Both the number of accidents and casualties caused by old landmines and other unexploded ordnance (UXO) rose by nearly 40 percent last year, according to the latest government data, though the two figures were still the second lowest on record following years of progress in demining.
According to a year-end report from the government’s Cambodian Mine Action Authority (CMAA), 98 mine and UXO explosions caused 157 casualties in 2014. That included 21 people who died and 38 who had limbs amputated.
Years of civil war, U.S. bombing and Khmer Rouge rule have made Cambodia one of the most heavily mine-contaminated countries in the world. Mines and UXO have killed or injured 64,000 Cambodians since the Khmer Rouge fell in 1979, according to CMAA. Though they continue to kill and maim today, annual casualty numbers have fallen steadily and hit their lowest number on record—111—in 2013.
Heng Ratana, director-general of CMAA’s Cambodian Mine Action Center, the government’s demining arm, said it was not easy to pin down specific reasons for the rise in explosions and casualties that had followed.
“It’s quite difficult to find a specific issue…but we take a good note of the increase of landmines related to heavy machinery,” he said.
Mr. Ratana said there had been a spike in the number of farmers triggering old, buried mines as they switched from manual to mechanized tools. The heavier machines, he said, were more likely to set off mines than rakes and hoes or animals.
To combat the trend, he said, the mine action center was urging farmers in high-risk areas to refrain from using heavy machinery and sending out more demining teams to focus specifically on digging up anti-tank mines, which are much more powerful than anti-personnel mines and usually buried deeper in the ground, making them harder to detect.

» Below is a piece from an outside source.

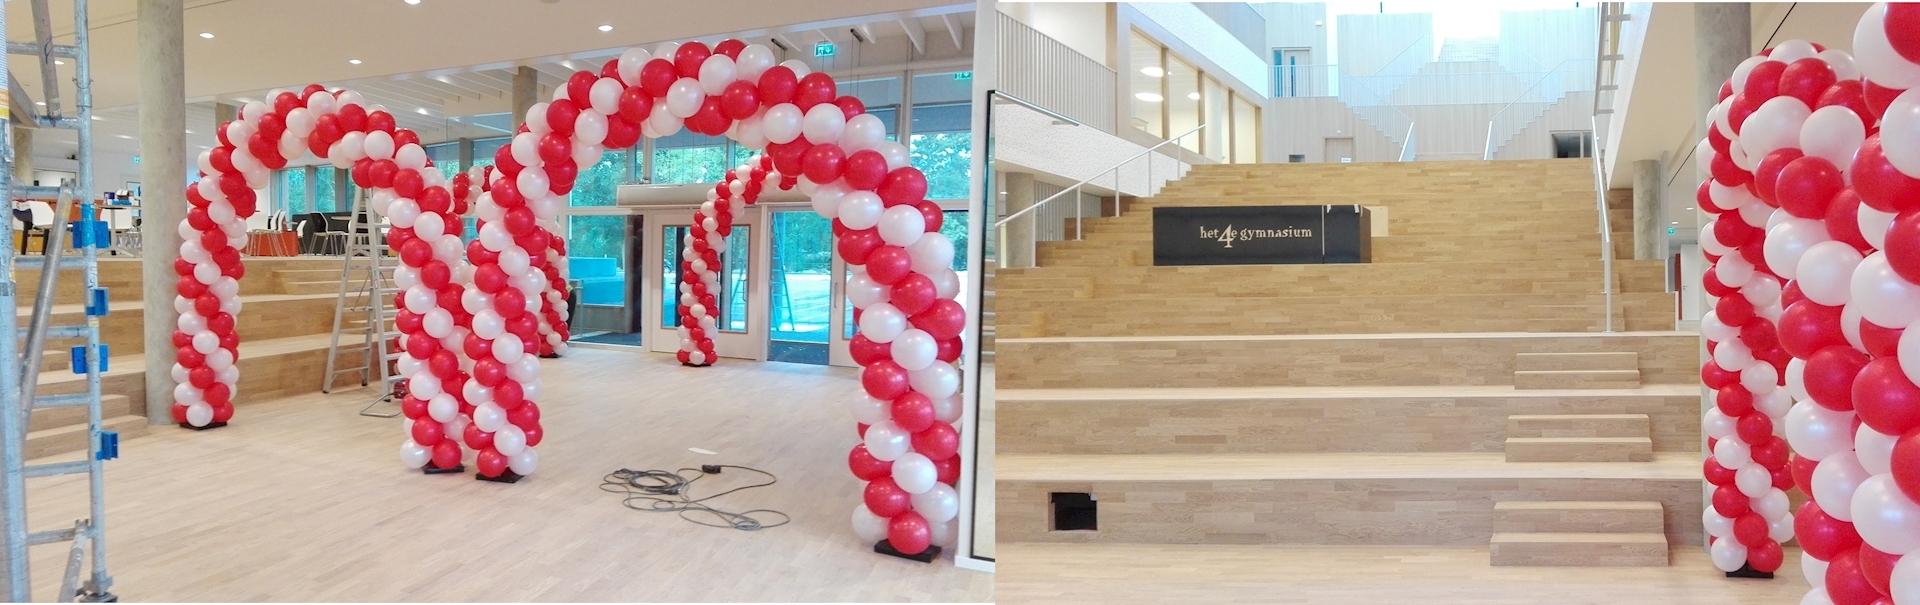 ballonnen bogen rood met wit opening school amsterdam 4e gymnasium
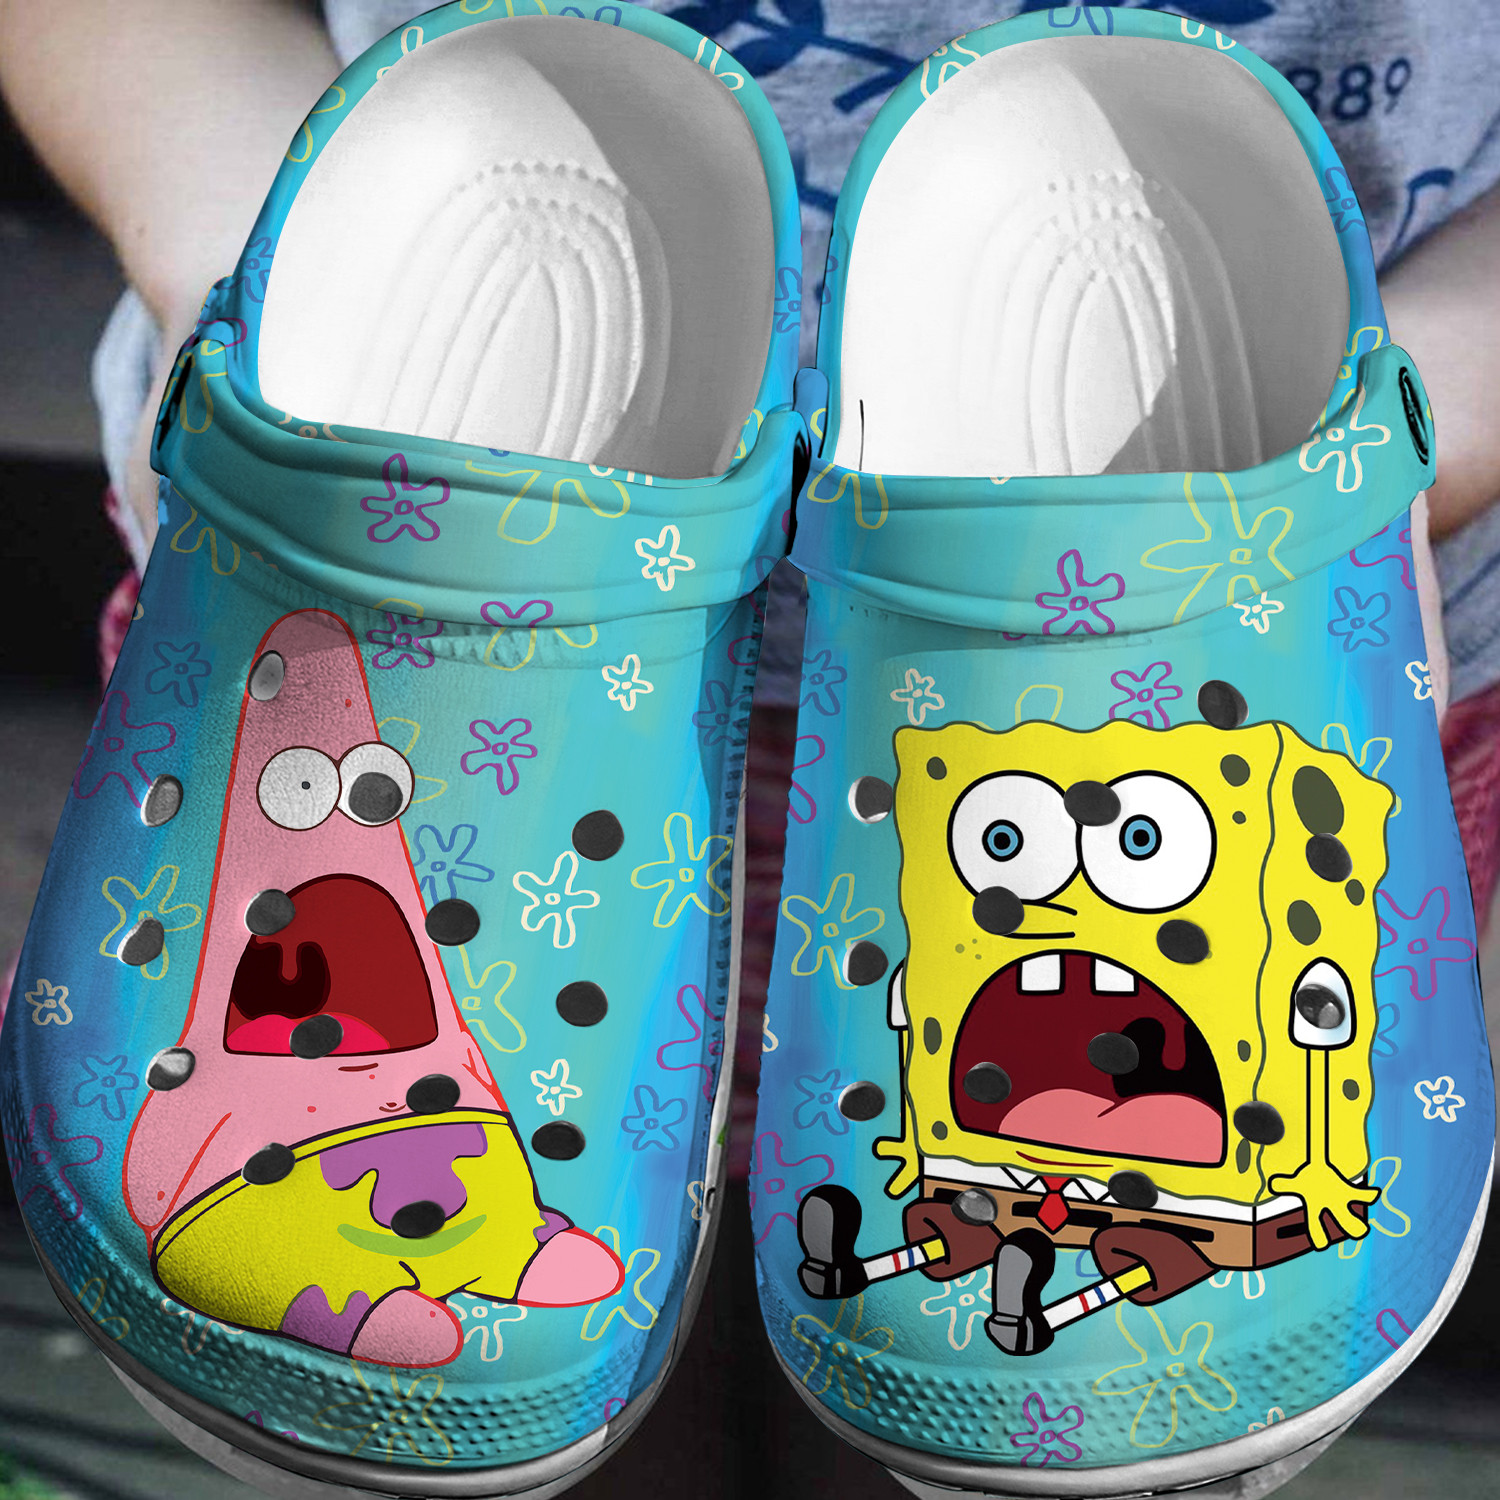 Spongebob Patrick Crocs 3D Clog Shoes

Mr. Ratana said the center also declared 124 square km of land mine-free in 2014, up from 80 square km in 2013.
Most of the Thai-Cambodian border, however, where mine contamination is heaviest, is still off limits to deminers for political reasons.
In April last year, just days before the Khmer New Year, Ngit Khuch, 48, was working at a hotel construction site on the outskirts of Samraong City, Oddar Meanchey province, not far from the Thai border, when he headed off to a spot the work crew often used to relieve themselves.
The laborers knew the area was mined thanks to repeated warnings from the local soldiers. But there were no signs, and Mr. Khuch believed his footsteps alone would not set off any of the mines.
On the way, however, Mr. Khuch, a husband and a father of two, stepped on a mine and lost both his legs in the explosion. He can no longer work and spends most of his time in bed.
“I never thought it would happen. Now I feel hopeless because I can no longer feed my family,” he said Monday. “The government cannot clear the area because it’s a ‘white area’ [buffer zone], but it should put up some signs.”